Did you know that some of the biggest dangers for pets may be lurking in our own home? Take a few minutes to educate yourself about some of the most commonly seen pet toxins: chocolate, marijuana, and Xylitol.
Most people enjoy chocolate in some form or another, but it is such a common household item that we often forget how harmful it can be to our pets.
- The toxic ingredient in chocolate is called theobromine.
- Theobromine is a caffeine-like compound that results in increased heart rate, blood vessel dilation, and the relaxation of the organ muscles.
- Low doses of theobromine can result in agitation and gastrointestinal signs such as drooling, vomiting, and diarrhea.
- At higher doses of chocolate ingestion can cause a high heart rate, increased blood pressure, and abnormal heart rhythms. At very high doses tremors, seizures, and even death can occur.
- The amount of theobromine contained in chocolate varies with the type. White chocolate has the least amount per ounce, with milk, dark, and baking chocolate having increasing concentrations and potentials for adverse reactions.
While many people will not admit to their veterinarian that they have it in their home, marijuana toxicosis is one of the most common pet poisonings that we see. Pets most frequently ingest marijuana, either in the form of baked products, “joint” remains, or by getting into someone’s stash of the drug.
- The chemical that causes illness in pets is the same that provides a “high” for people: THC.
- The most common symptoms of marijuana intoxication include depression and/or hyperactive excitement, loss of balance, hallucinations, seizures, or coma. Some may also have dilated pupils, fast breathing, abnormal body temperature, abnormal heart rate, or leak urine.
- Most animals will recover without treatment, although treatment can be necessary if your pet consumes a large amount of the drug.
- If you think that your pet may have ingested or been exposed to marijuana, it is extremely important for your veterinarian to know this. We are under no obligation to report anything. We simply want to help your pet as much as possible and avoid unnecessary and expensive tests and treatments.

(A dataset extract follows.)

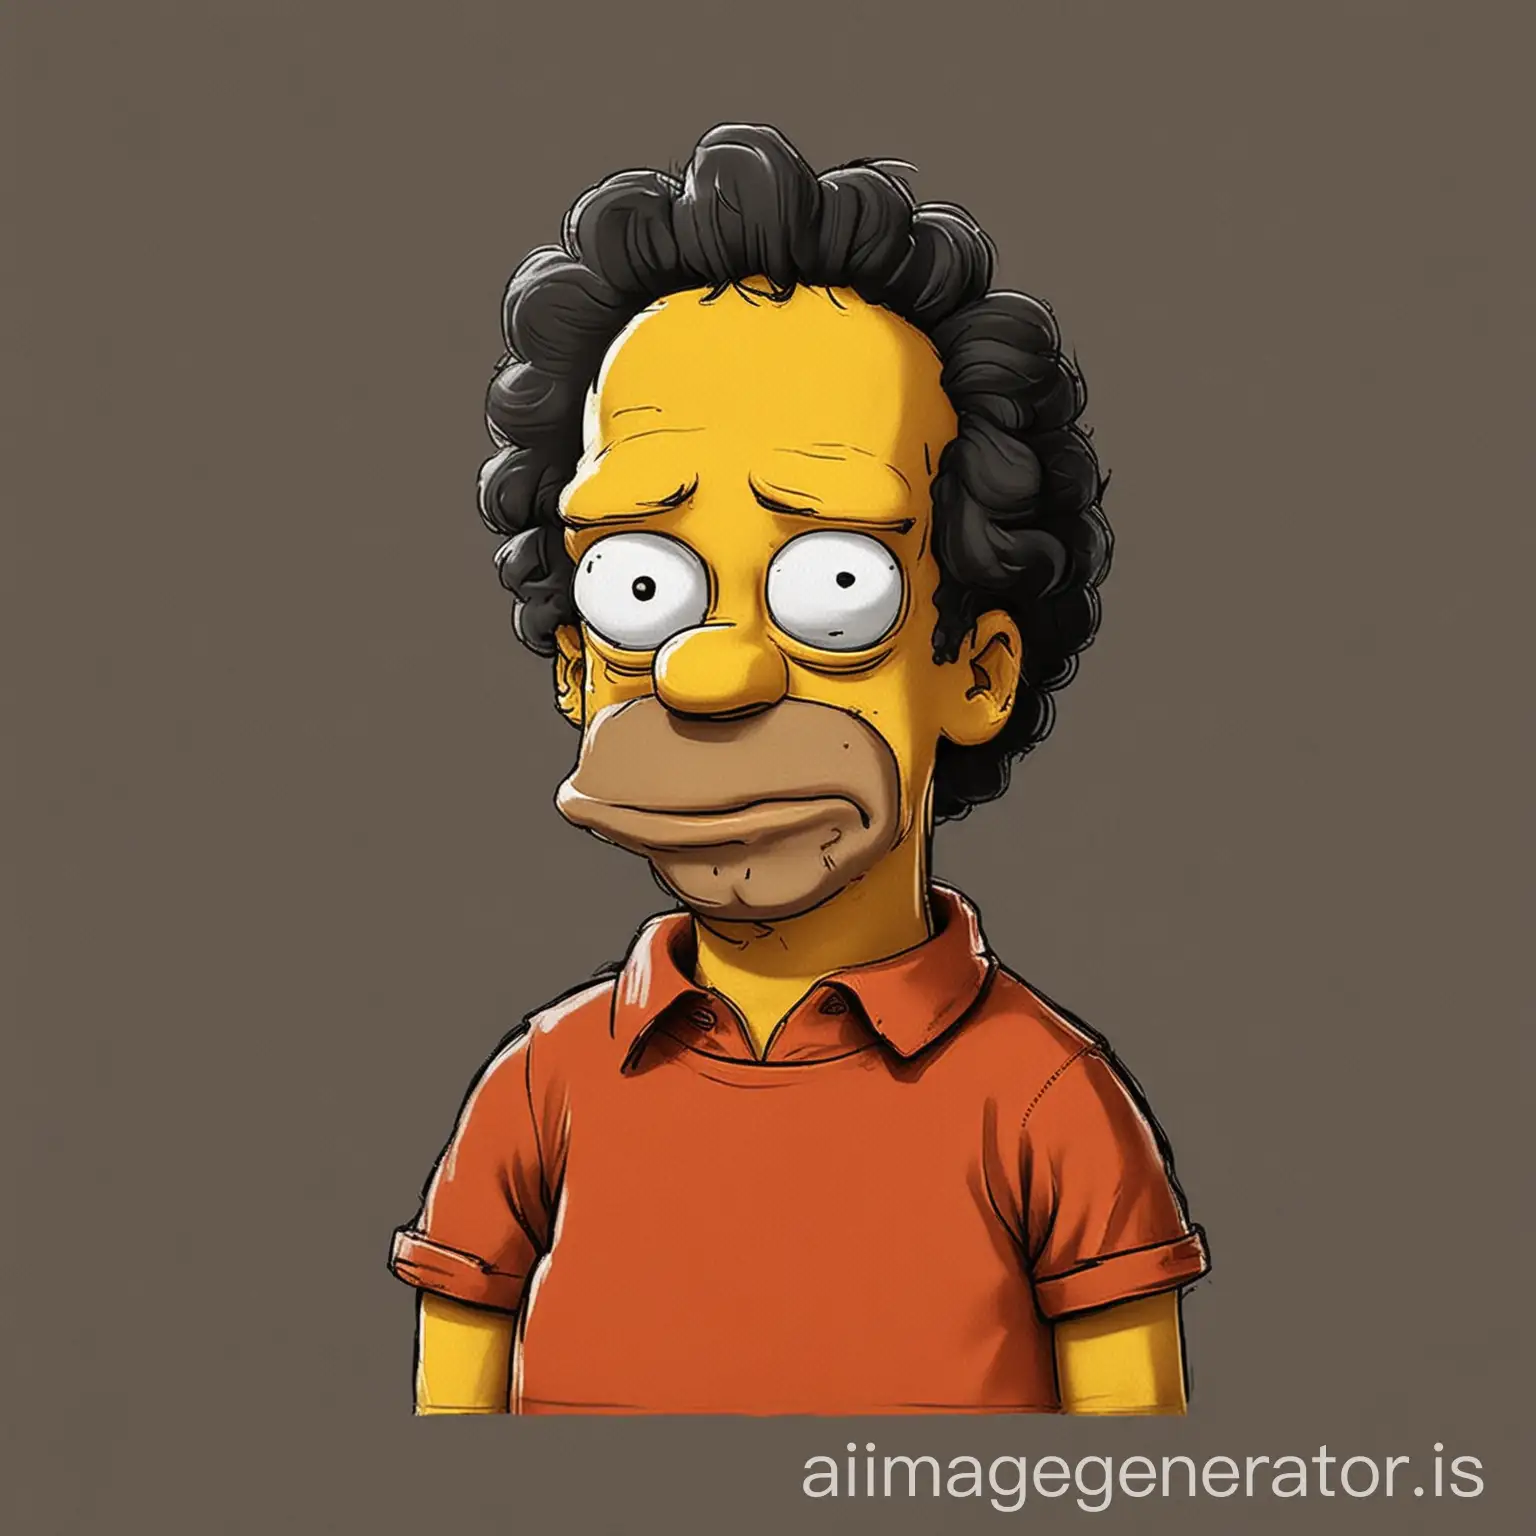 Simpsons-Style-Cartoon-Character-with-TShirt
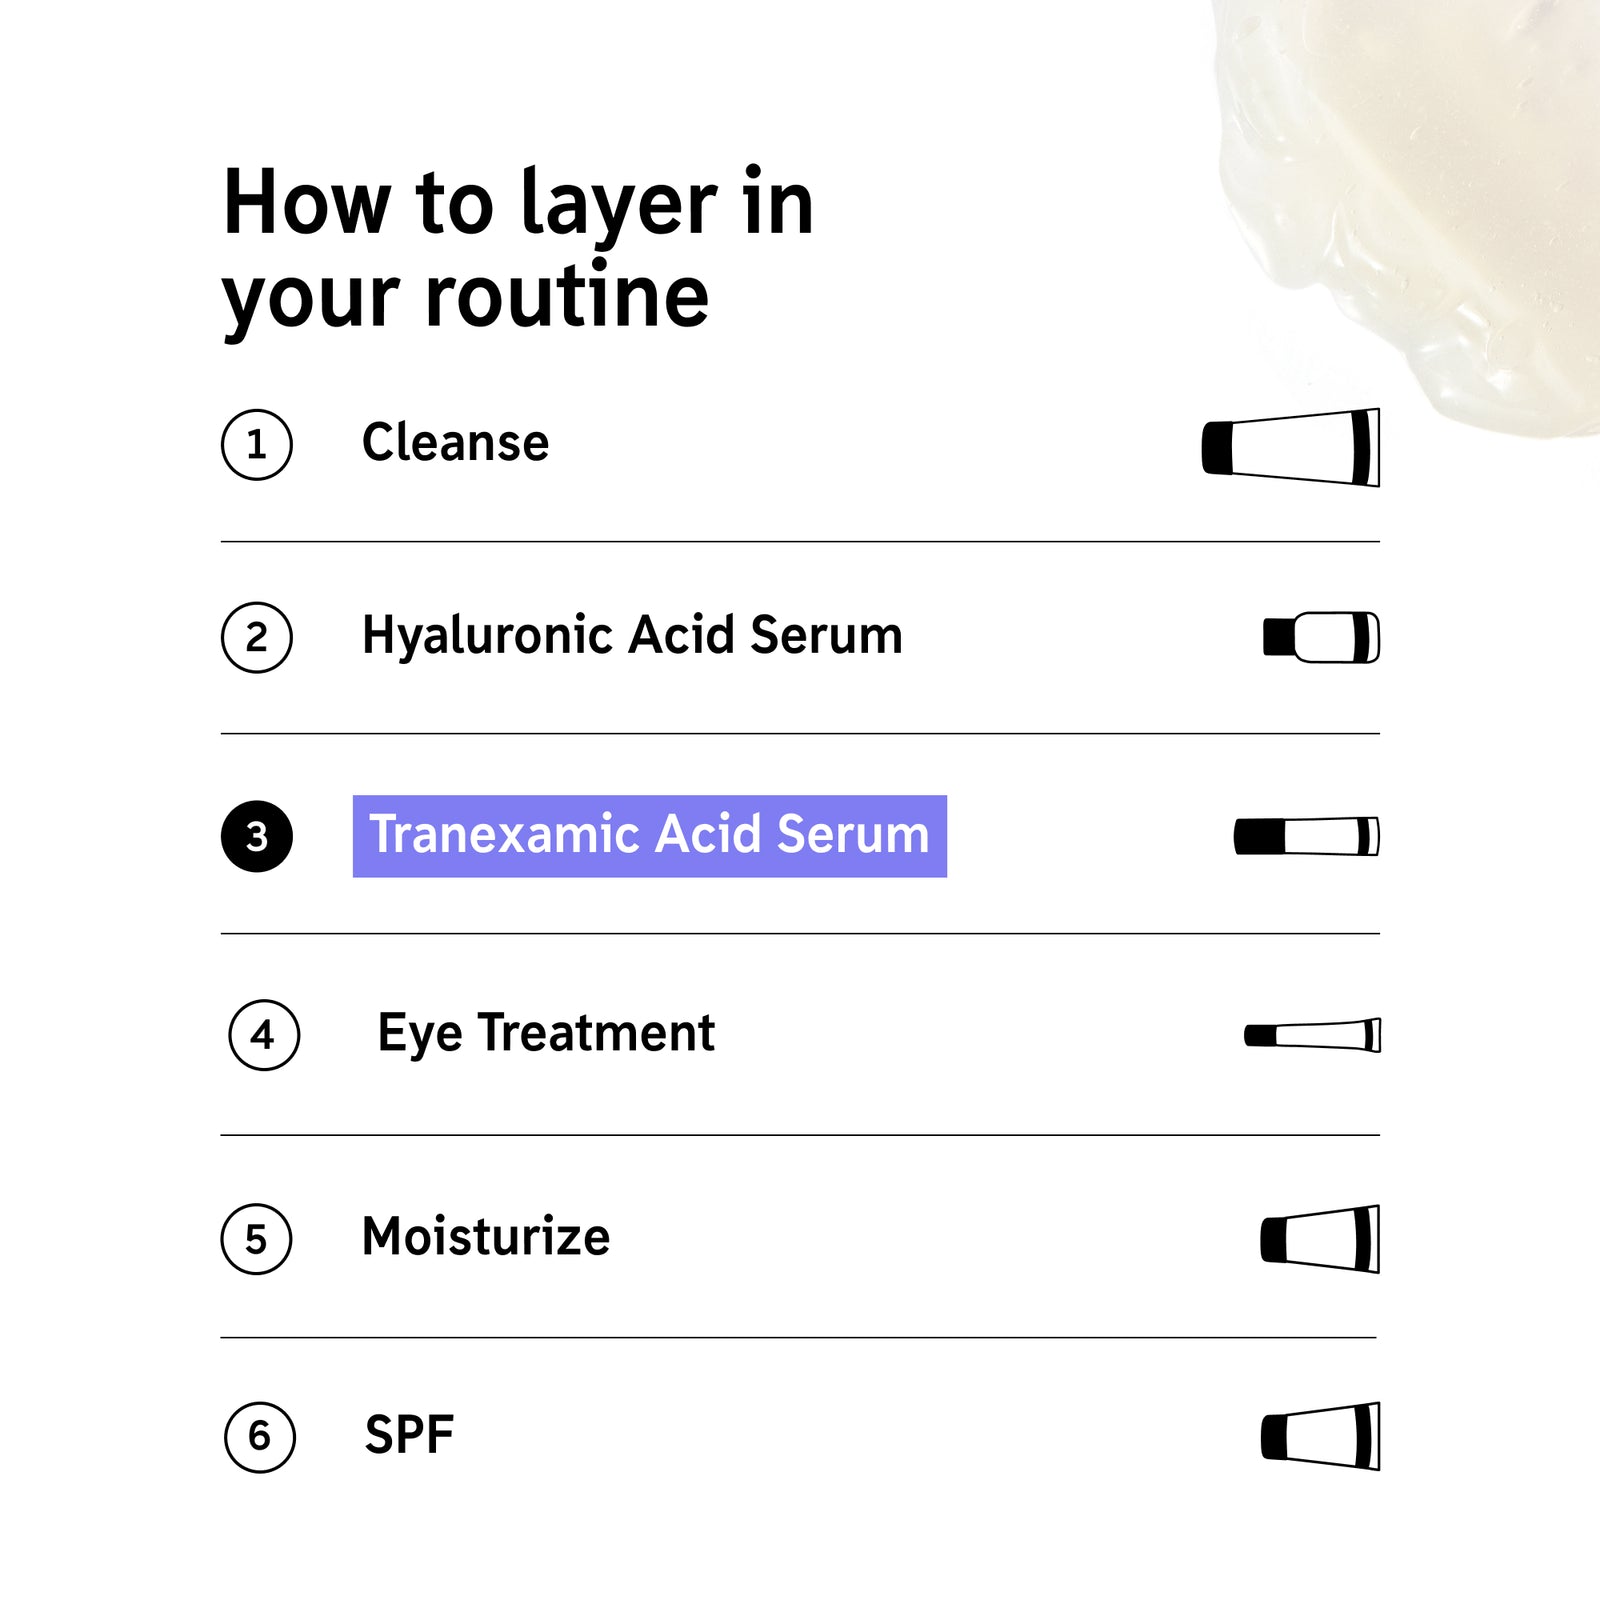 How to layer Tranexamic Acid Serum in your routine

Xylitol is an artificial sweetener that is growing in popularity. While it is safe for people, its ingestion by pets can be devastating. It is being found increasingly in low sugar or diabetic-friendly baked goods and candies, gums, cold medicines, and toothpastes.
- Pets absorb Xylitol into their bloodstream very quickly, which triggers the release of a large dose of insulin. This results in a life-threatening drop in blood sugar level called hypoglycemia.
- This dramatic drop in blood sugar happens within 30 minutes of ingestion and can result in loss of coordination, depression, collapse, and even death.
- Xylitol ingestion also has been associated with liver failure in some pets.
Don’t forget about your pets when allowing these potentially toxic items into your household. Store them in a cabinet or other pet-proof location and take care to place all garbage containing these items in a safe place as well.
If you suspect your pet may have ingested a toxic item, notify your veterinarian immediately, time is often of the essence when it comes to treating toxic reactions successfully.